### Information shown
■ ■ ■ ■ ■
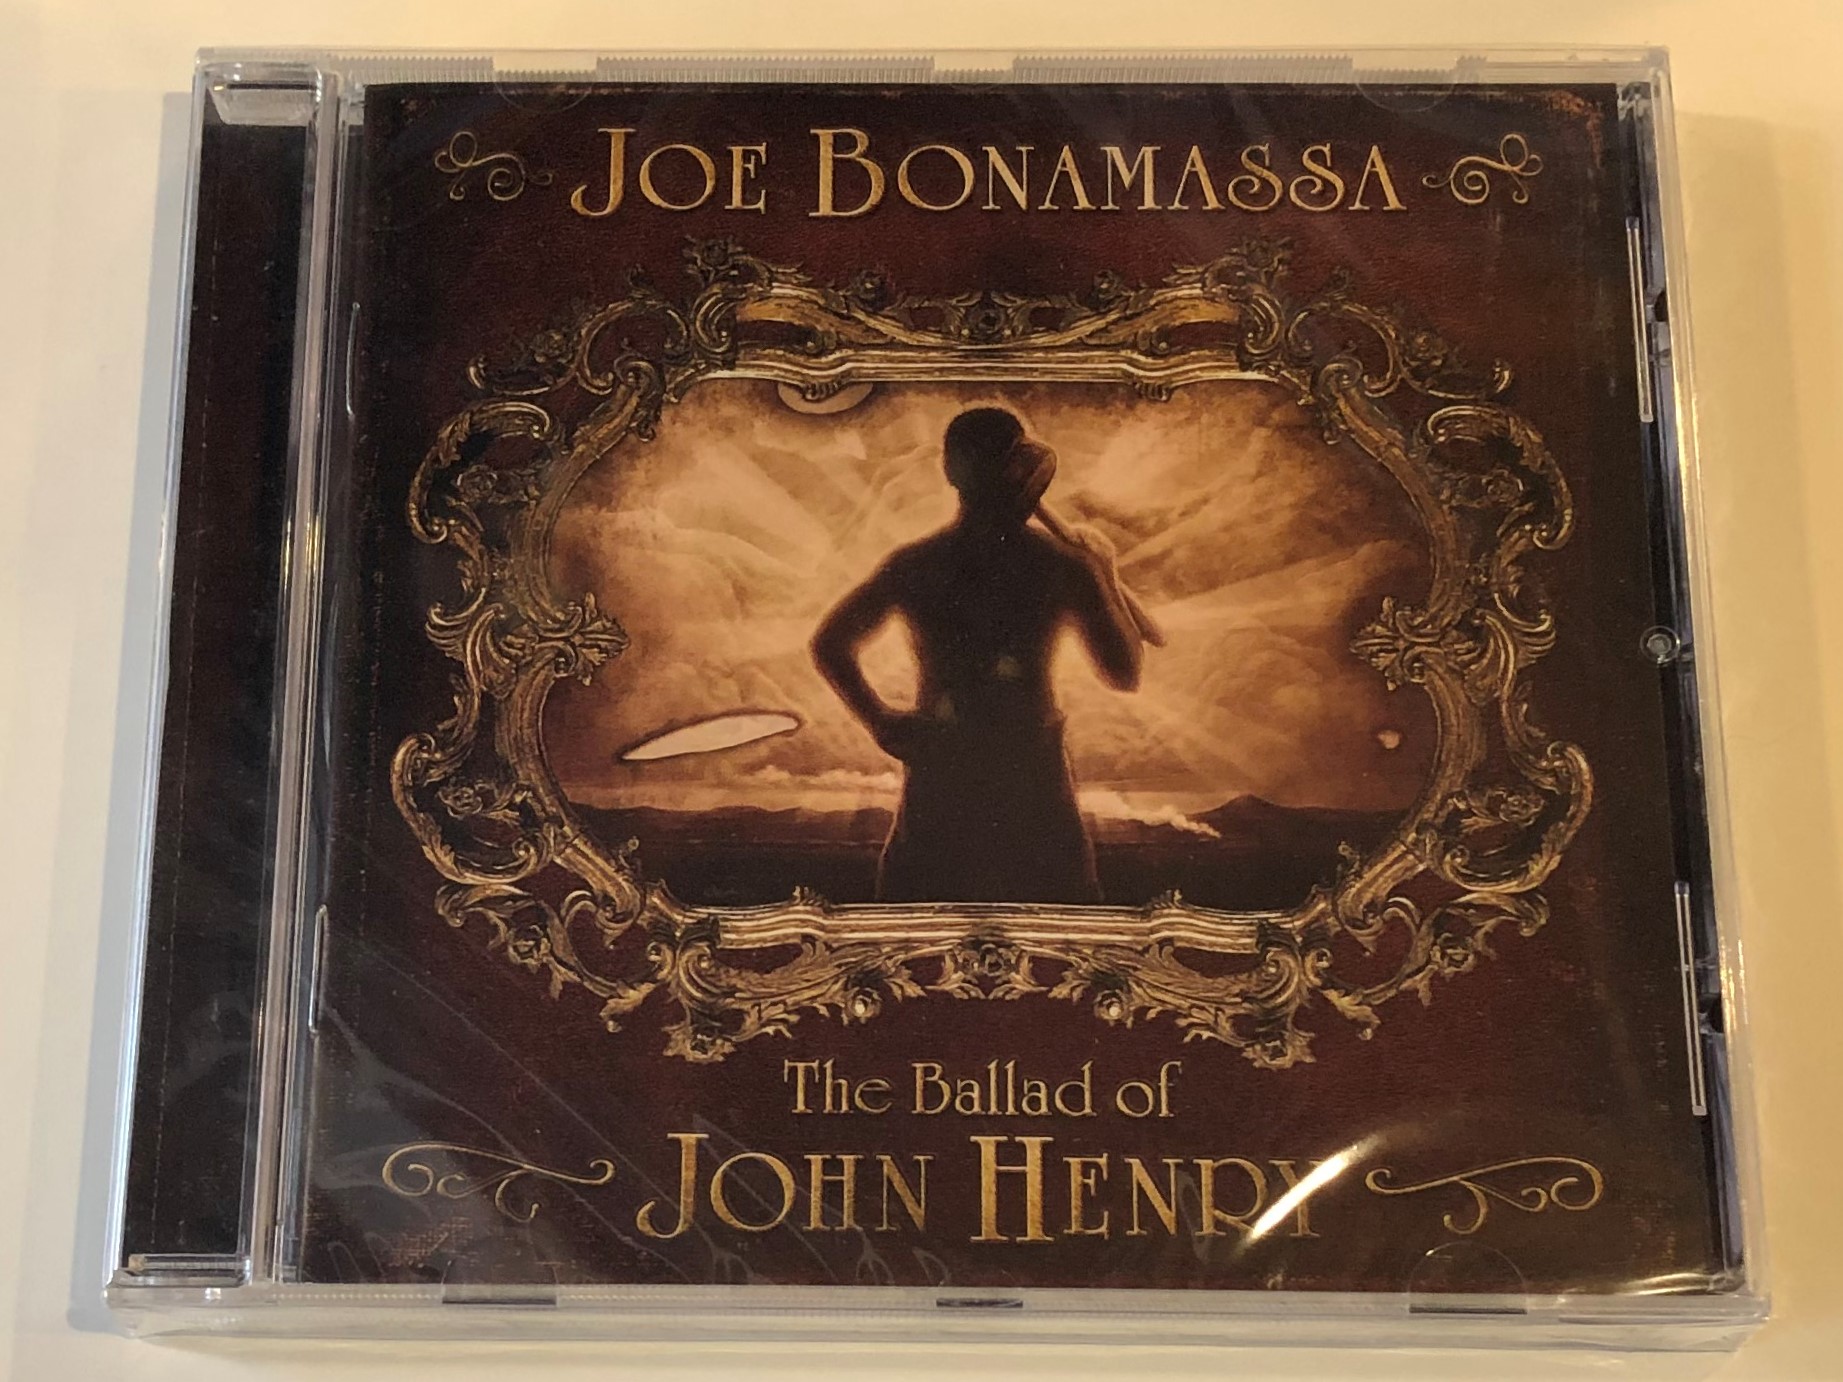 joe-bonamassa-the-ballad-of-john-henry-j-r-adventures-audio-cd-2009-prd-7269-2-1-.jpg
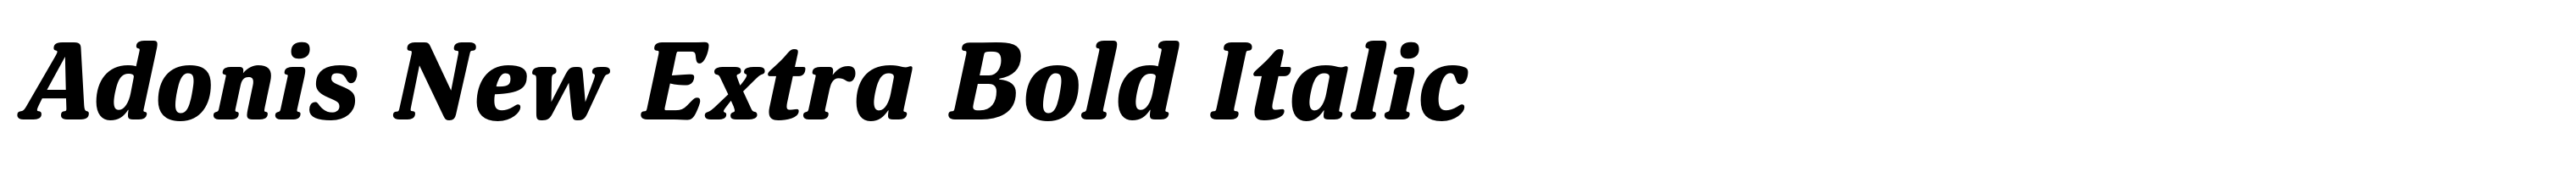 Adonis New Extra Bold Italic
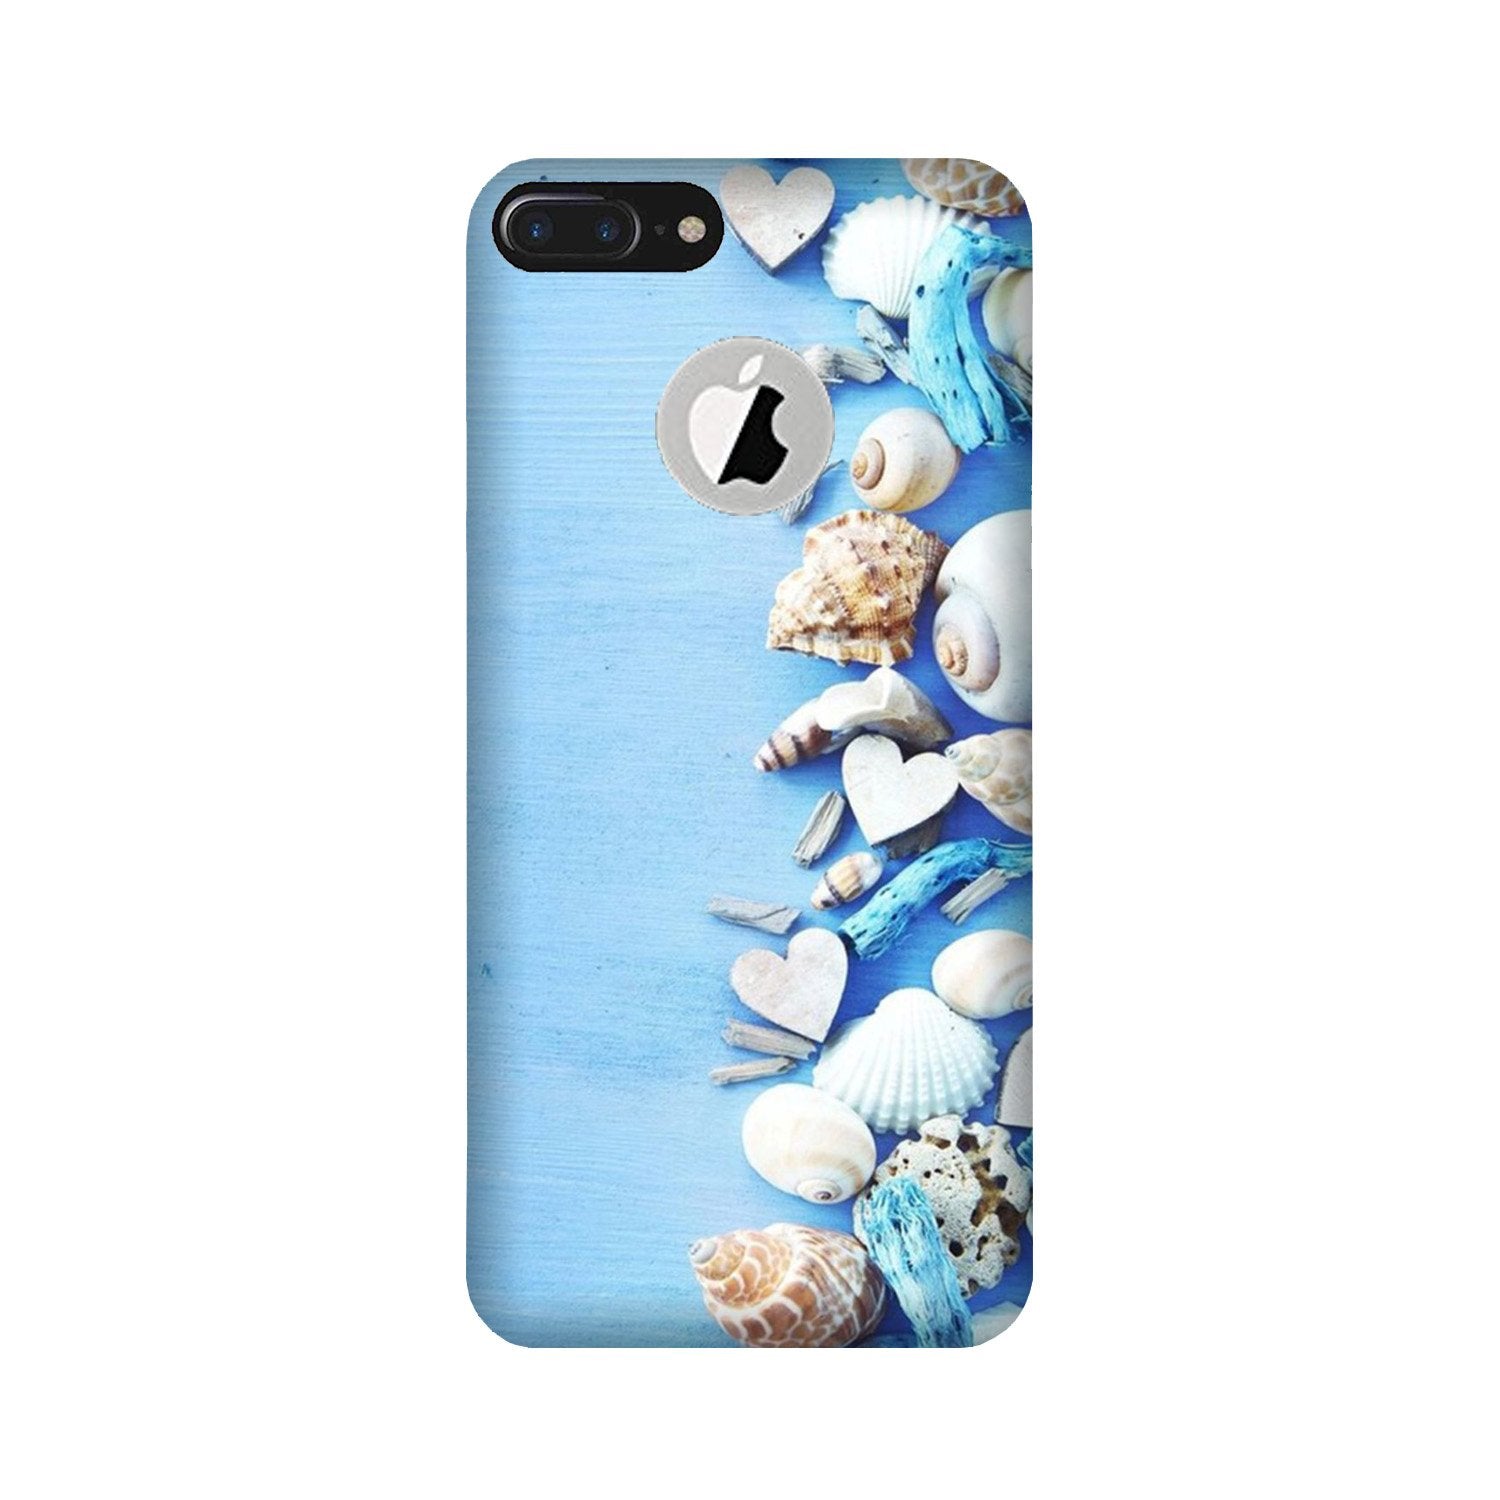 Sea Shells2 Case for iPhone 7 Plus logo cut
■ ■ ■ ■ ■
### Required work
Where a picture appears in the listing above, skip it and set down all the rest exactly.

### Answer to this problem
 joe-bonamassa-the-ballad-of-john-henry-j-r-adventures-audio-cd-2009-prd-7269-2-1-.jpg
 Adonis New Extra Bold Italic
 Sea Shells2 Case for iPhone 7 Plus logo cut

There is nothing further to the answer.